━━━ The data ━━━
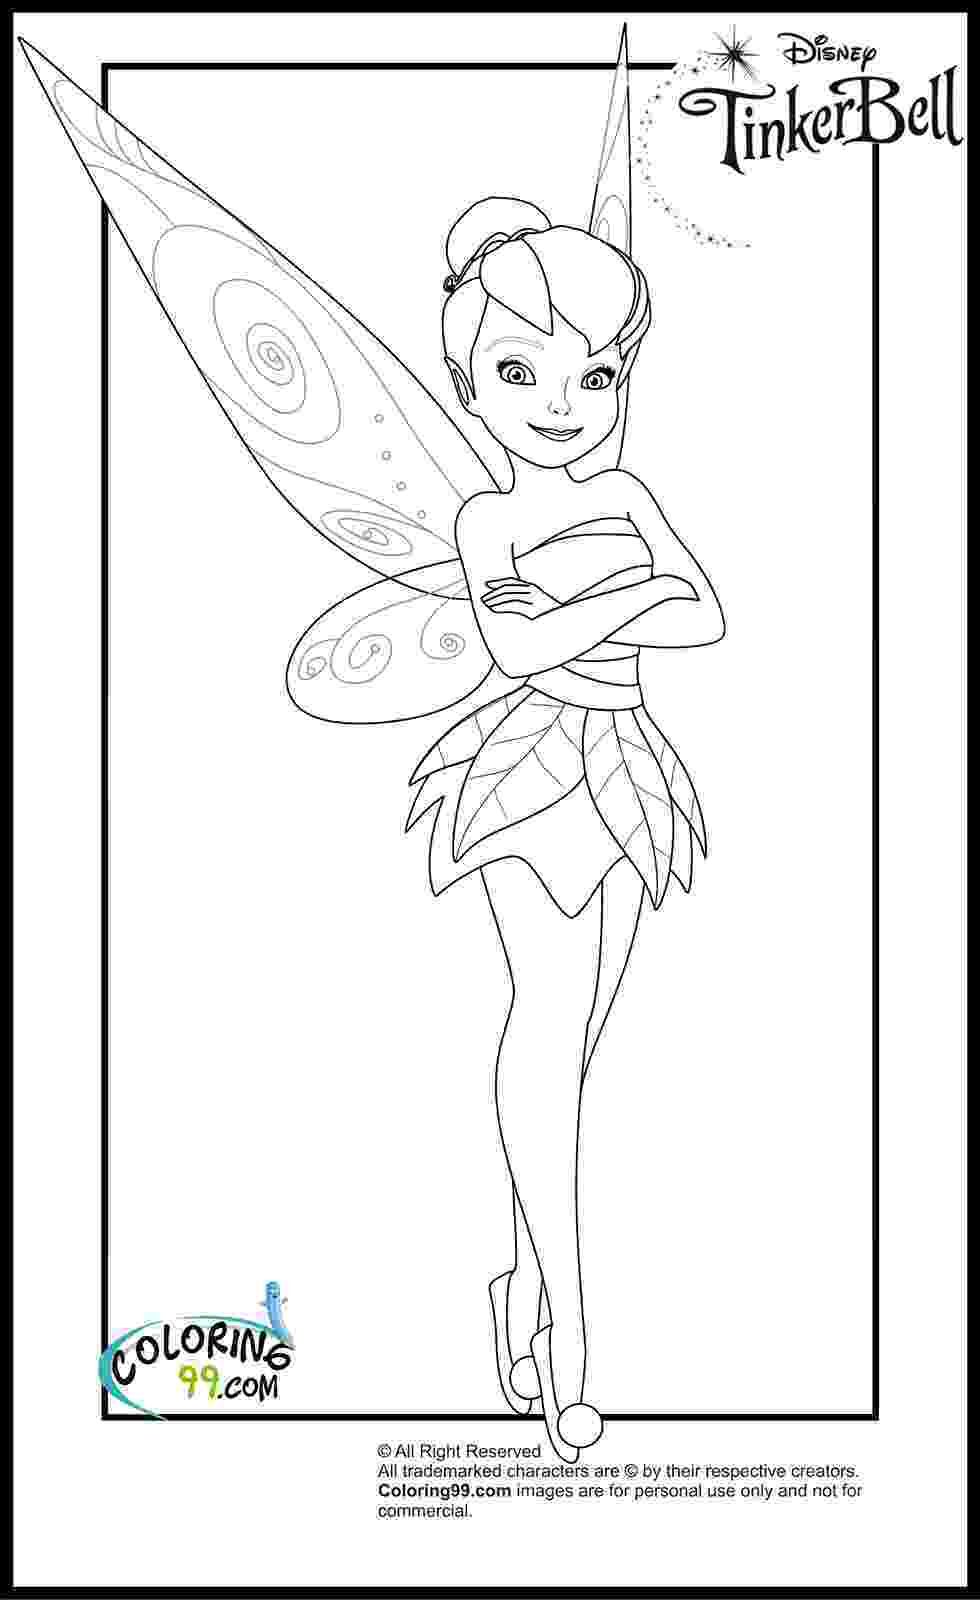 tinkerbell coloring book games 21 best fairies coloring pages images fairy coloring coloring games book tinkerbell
━━━
━━━ The data ━━━
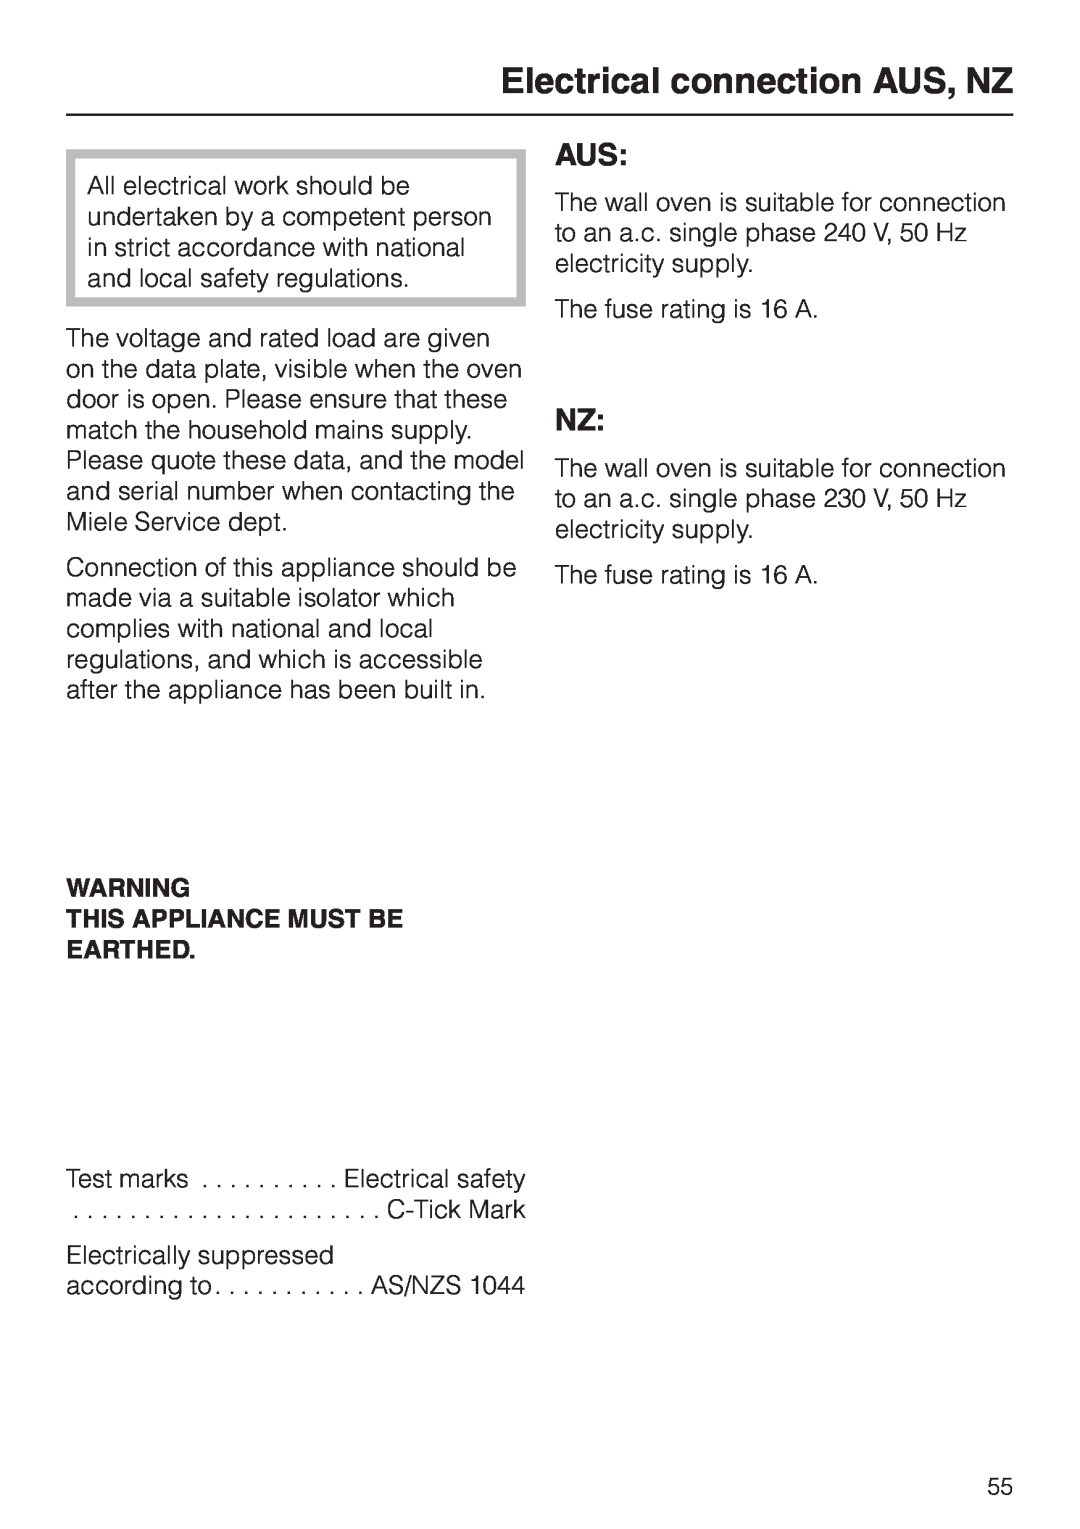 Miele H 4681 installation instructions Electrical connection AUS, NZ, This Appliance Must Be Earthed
━━━
━━━ The data ━━━
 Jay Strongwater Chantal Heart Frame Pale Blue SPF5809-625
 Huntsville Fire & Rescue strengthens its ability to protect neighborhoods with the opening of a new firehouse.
━━━
Output the lines of the records above exactly as they appear, from the line containing "Jay Strongwater Chantal" through the line containing "Huntsville Fire &".

 Jay Strongwater Chantal Heart Frame Pale Blue SPF5809-625
 Huntsville Fire & Rescue strengthens its ability to protect neighborhoods with the opening of a new firehouse.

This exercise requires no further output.